4.  El 10 de marzo del año en curso el ciudadano Díaz  Jaraba acudió a la sede de la Administradora  Colombiana de pensiones – COLPENSIONES para radicar solicitud  de cumplimiento de las sentencias referidas anteriormente. Sin  embargo, su solicitud no fue recibida en atención a que se  consideró que la documentación aportada no se  encontraba completa por cuanto no se entregó la sentencia de  segunda instancia en copia auténtica.  

5.  Inconforme con la respuesta a su petición, el libelista  impetró acción de tutela contra la mencionada entidad,  deprecando la protección de sus derechos fundamentales de  petición, mínimo vital, salud, debido proceso y  dignidad humana y solicitando que se ordenará a la accionada a  proferir en el término de 24 horas resolución  administrativa mediante la cual lo incluyera en nómina de  pensionados y que reconociera igualmente el monto adeudado en  atención al retroactivo pensional.  

6.  La anterior solicitud fue negada por improcedente en primera  instancia por el Juzgado Tercero Penal del Circuito con Función  de Conocimiento de Barranquilla en providencia del 21 de abril de  2020 y confirmada por la Sala Penal del mismo distrito judicial el 28  de mayo siguiente.  

7.  En la decisión de segunda instancia el juez colegiado señaló  para fundamentar su decisión que:  

“Le  sobra razón al A-quo cuando considera que Colpensiones ni  siquiera ha negado el derecho a inscribir en nómina al  accionante, caso en el cual si se vendría a configurar la  vulneración de los derechos fundamentales, ni tampoco puede  concluirse que se haya violado el plazo razonable ya que la  resolución no se ha producido precisamente por la no  aportación de los documentos requeridos para iniciar la  actuación, presentados éstos en debida forma si se  podrá formar un juicio certero a propósito del  precedente citado por el accionante sobre si en efecto se viola o no  el plazo razonable.  
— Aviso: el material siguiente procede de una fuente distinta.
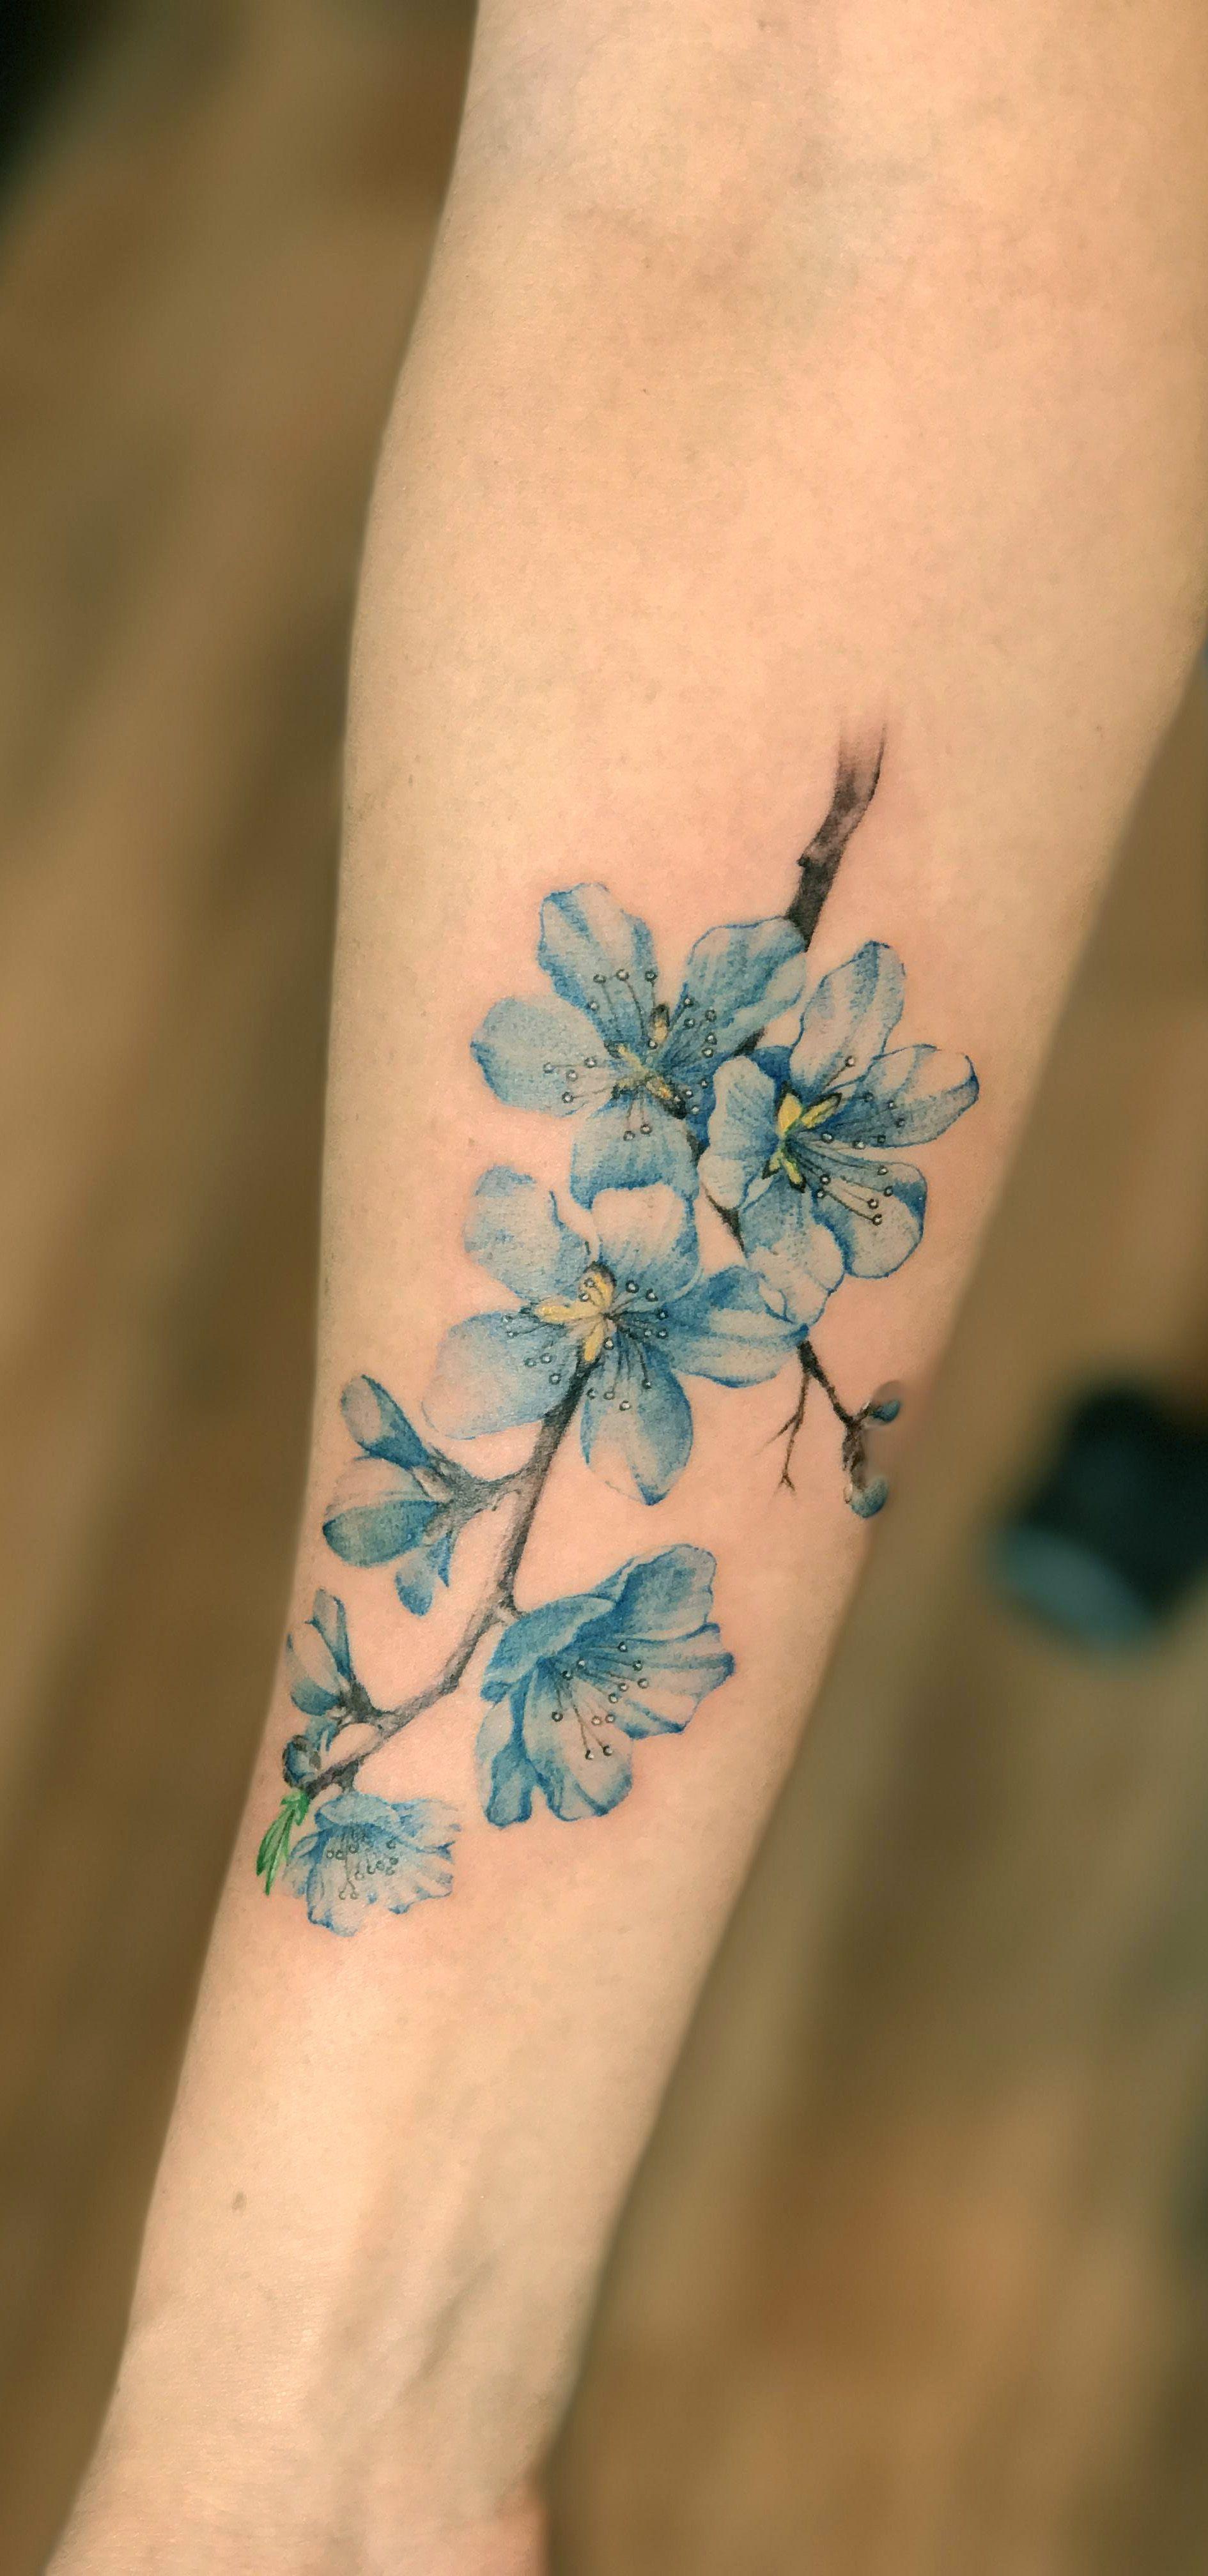 Blue flowers tattoo by jay shin black fish tattoo nyc flowers blue flowers tattoo by jay shin black fish tattoo nyc izmirmasajfo

Entonces  de acuerdo al precedente arriba citado no puede el tutelante sentirse  en condiciones de vulnerabilidad, le corresponde al accionante FELIPE  SANTIAGO DIAZ JARABA activar en debida forma la actuación  administrativa para hacer efectivo su derecho pensional, en manera  alguna puede predicar inactividad de la administración por la  exigencia de una documentación que ni siquiera acreditó  haberla presentado al interior de la presente acción  constitucional.  

Presentados  los documentos en debida forma bien sea de manera personal o a través  de correo certificado, será un deber de la administradora de  pensiones emitir un acto administrativo sin dilaciones de ninguna  especie donde obedezca el mandamiento de la autoridad judicial y en  caso de no proceder así, entonces si tendrá el  accionante el derecho de agotar la justicia constitucional a través  del mecanismo preferente y sumario de la acción de tutela ”  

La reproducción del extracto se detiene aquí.